__Task requirements__.
Below is a listing with pictures in it; transcribe exactly the lines from the one that has "Women's Holiday Print" through the one that has "GOOSTER CLASSIC BAIT", and omit those pictures.

__Record set__.

[Start of Attachment]

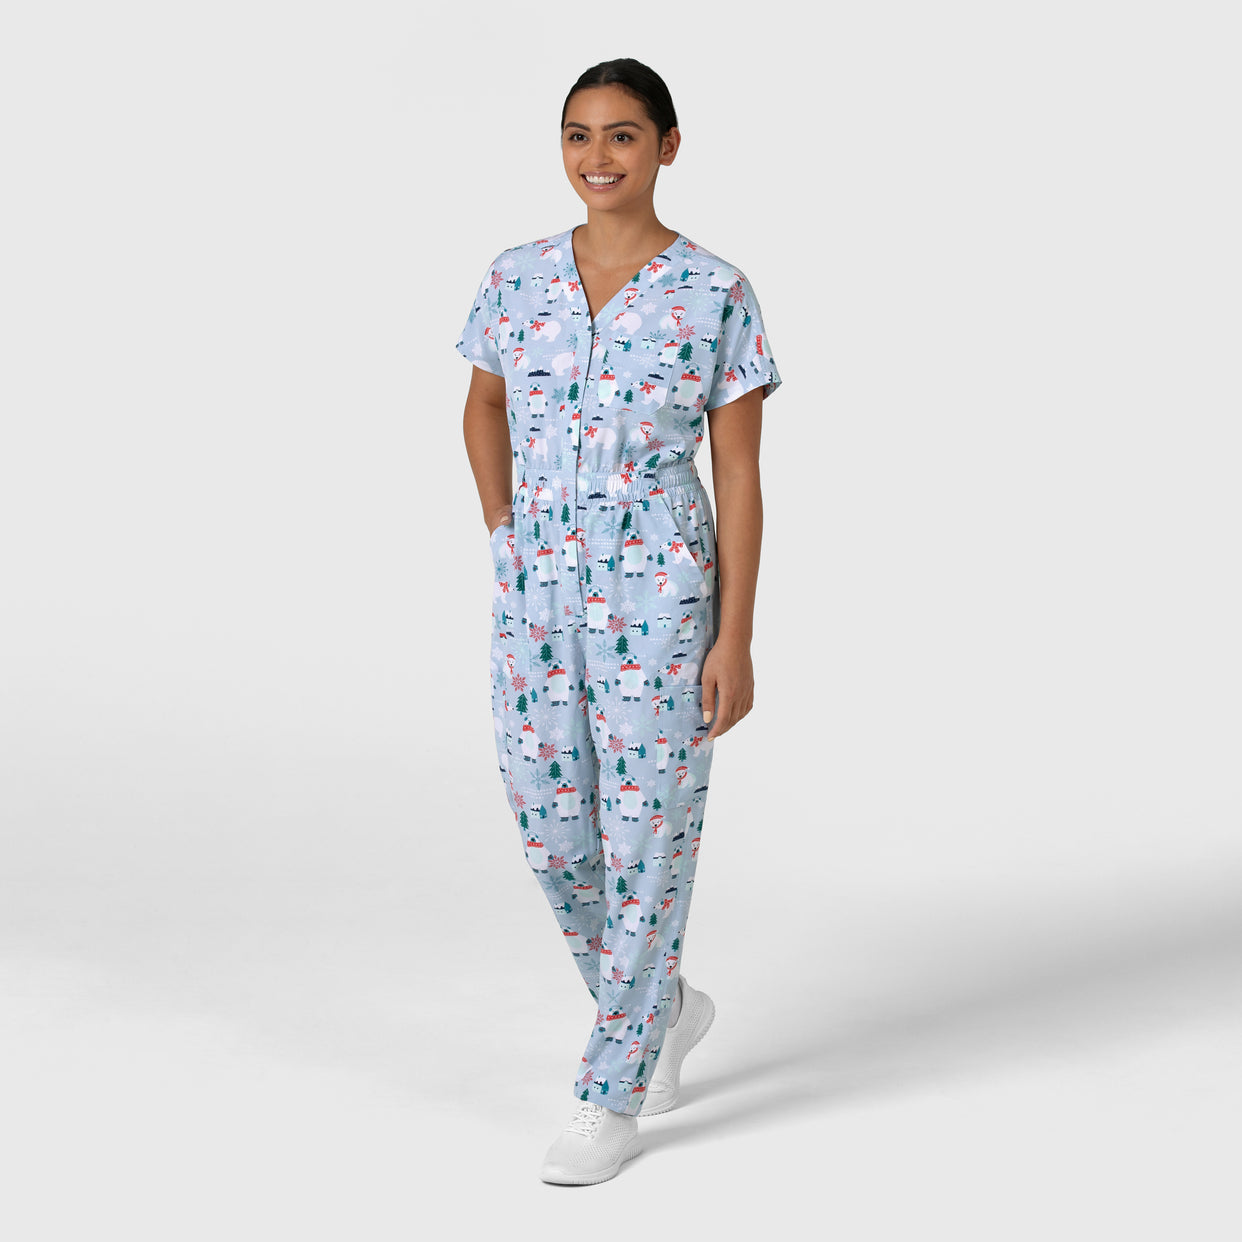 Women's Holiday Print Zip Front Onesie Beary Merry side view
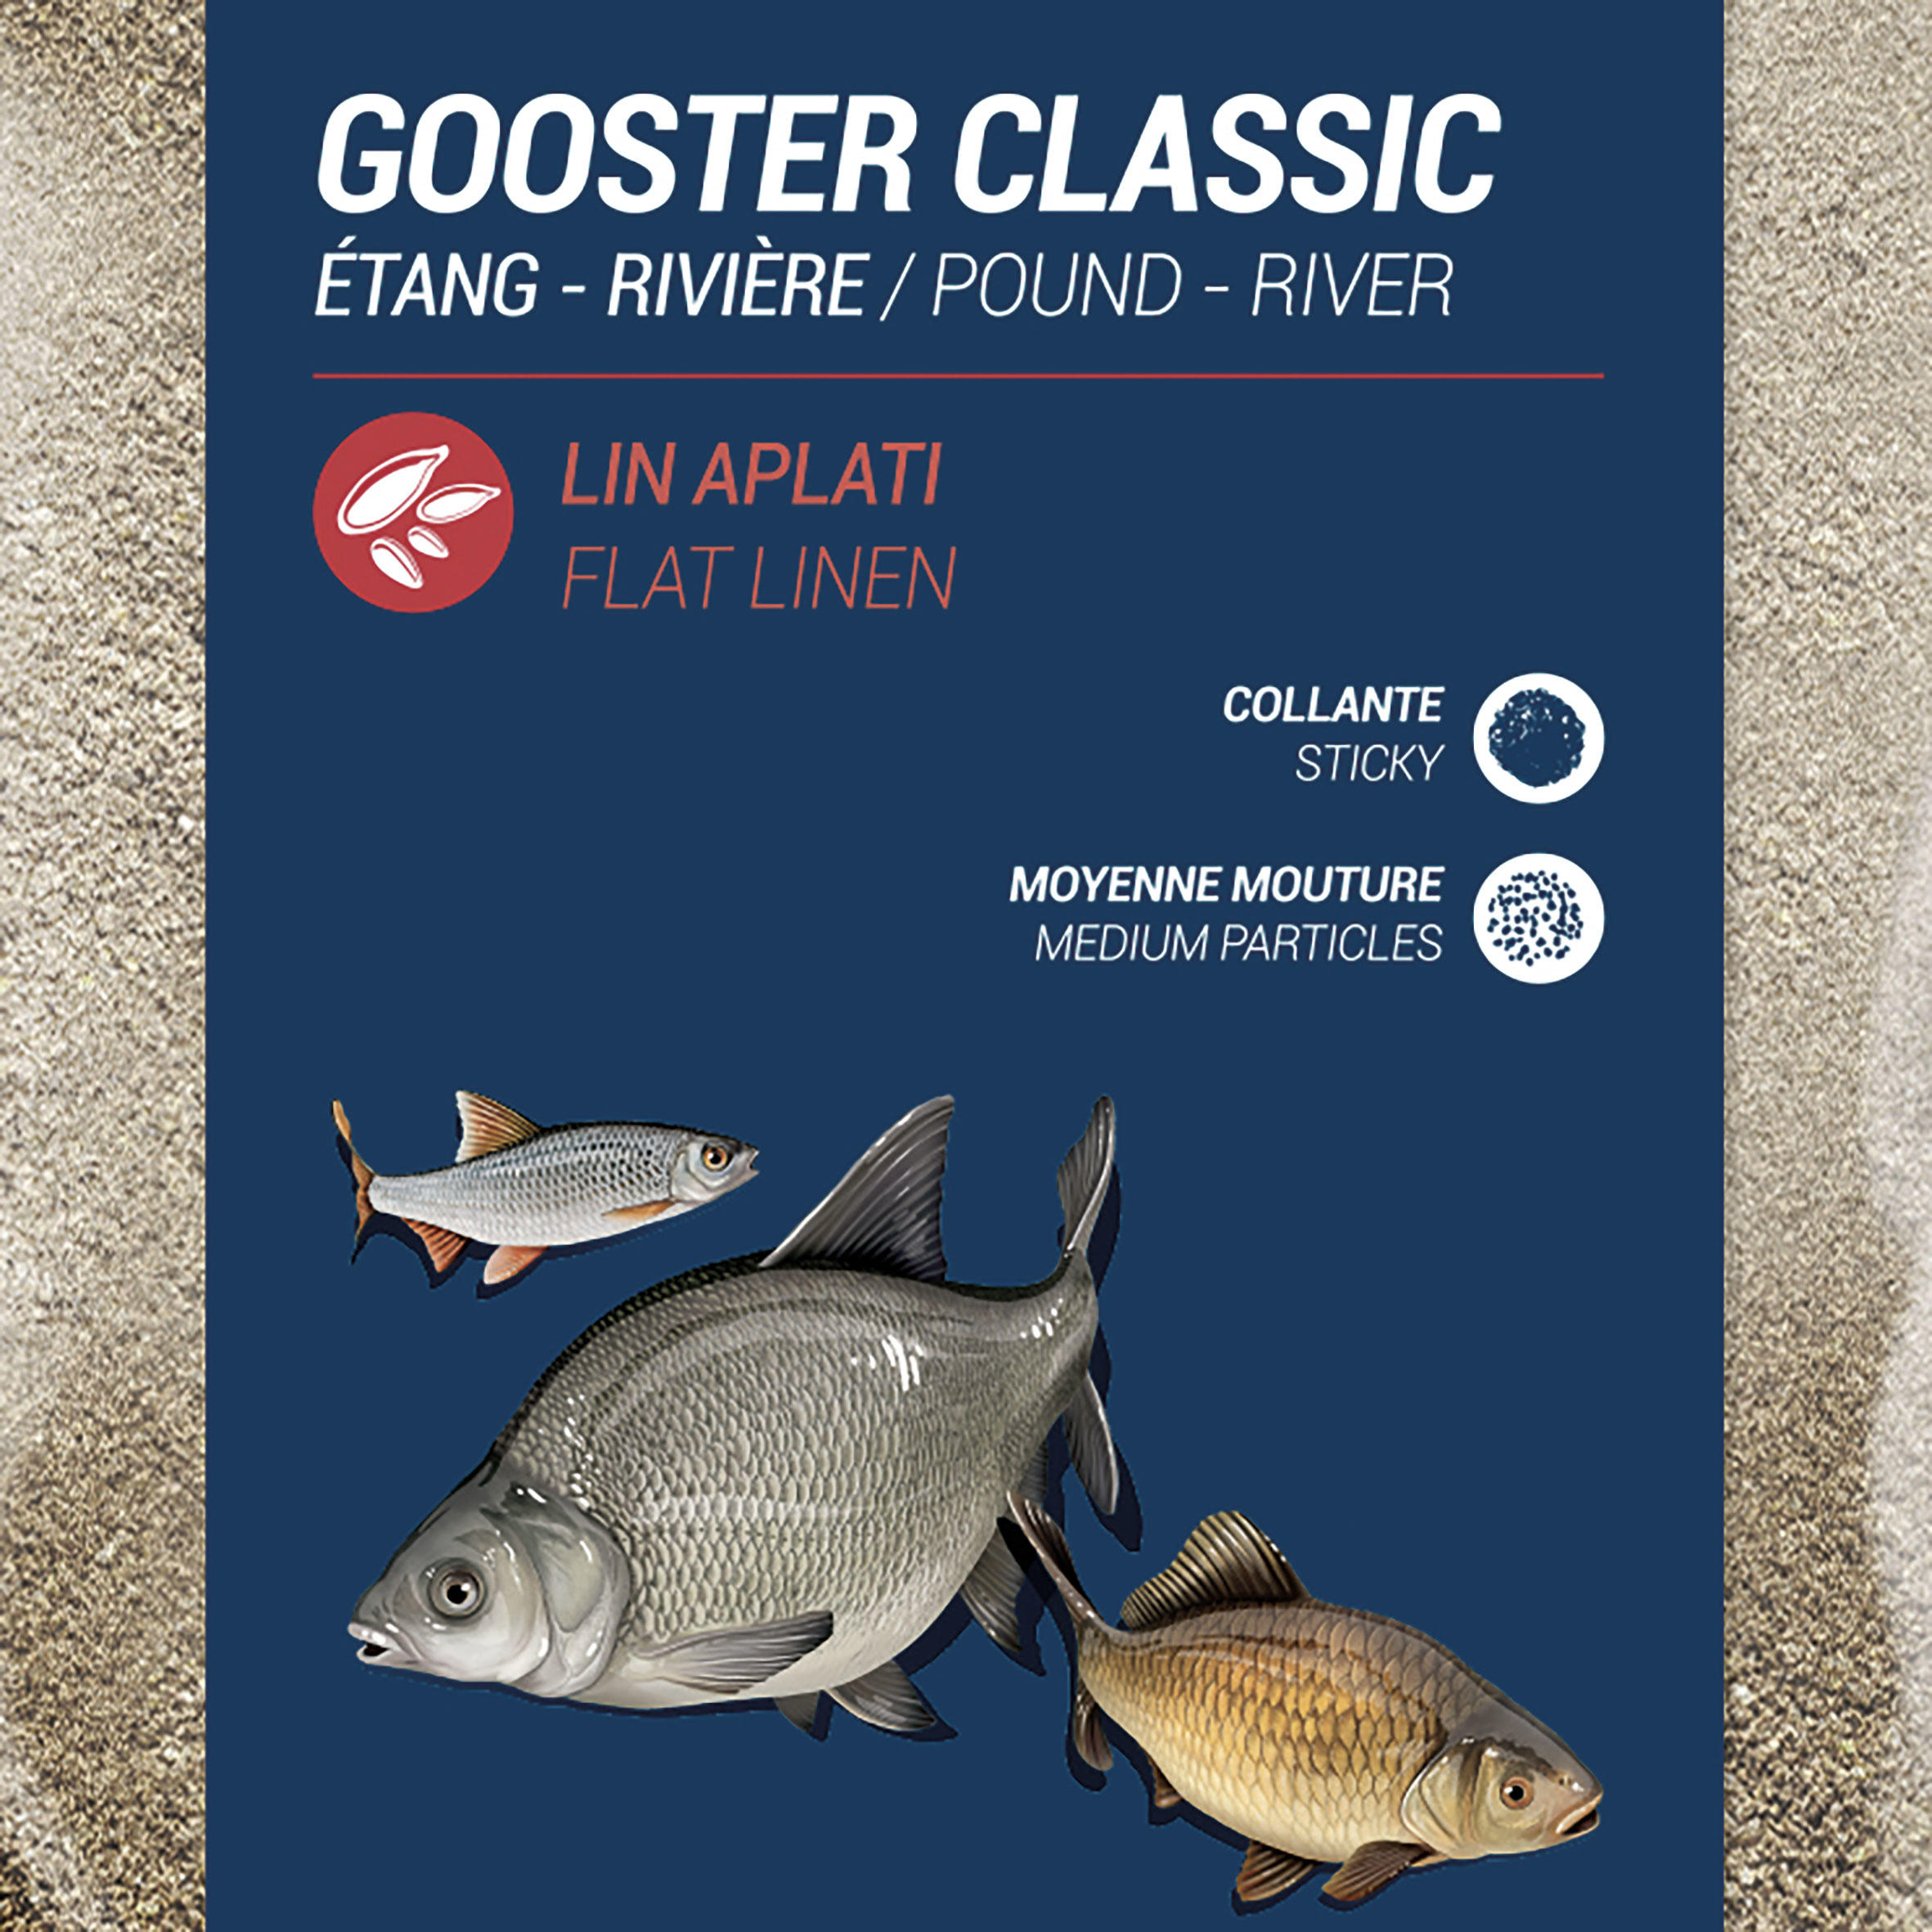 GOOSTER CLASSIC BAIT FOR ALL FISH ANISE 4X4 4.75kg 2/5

[End of Attachment]
[Start of Attachment]

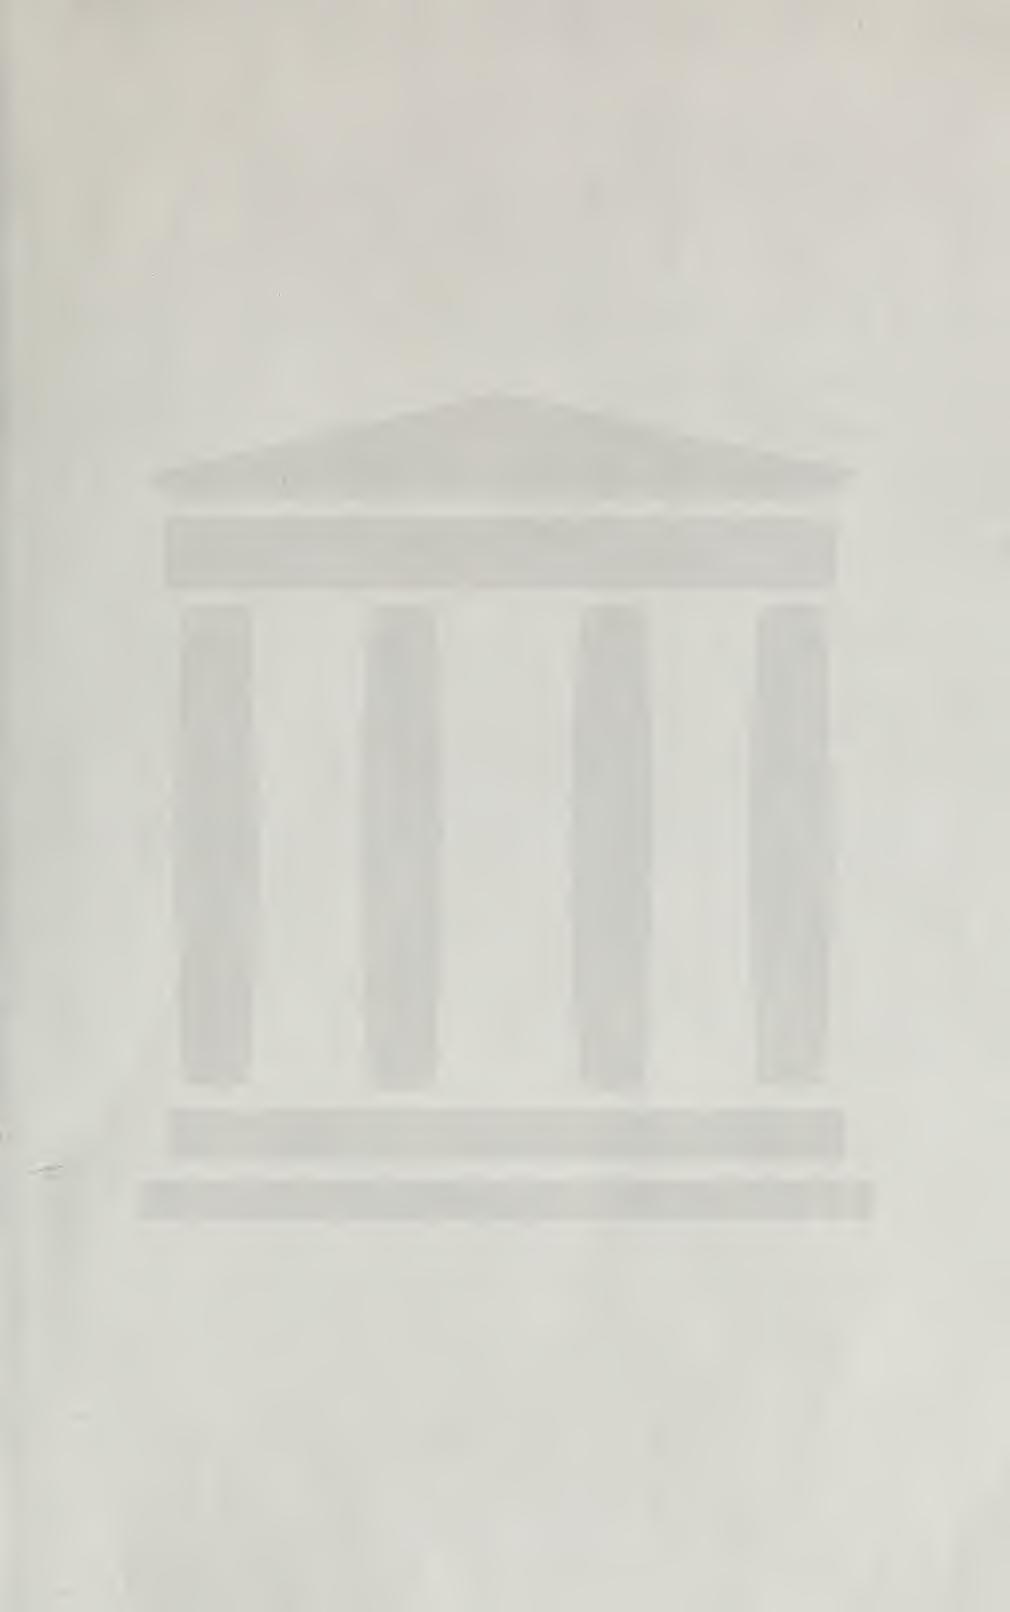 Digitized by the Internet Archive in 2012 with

[End of Attachment]

__Solution__.
 Women's Holiday Print Zip Front Onesie Beary Merry side view
 GOOSTER CLASSIC BAIT FOR ALL FISH ANISE 4X4 4.75kg 2/5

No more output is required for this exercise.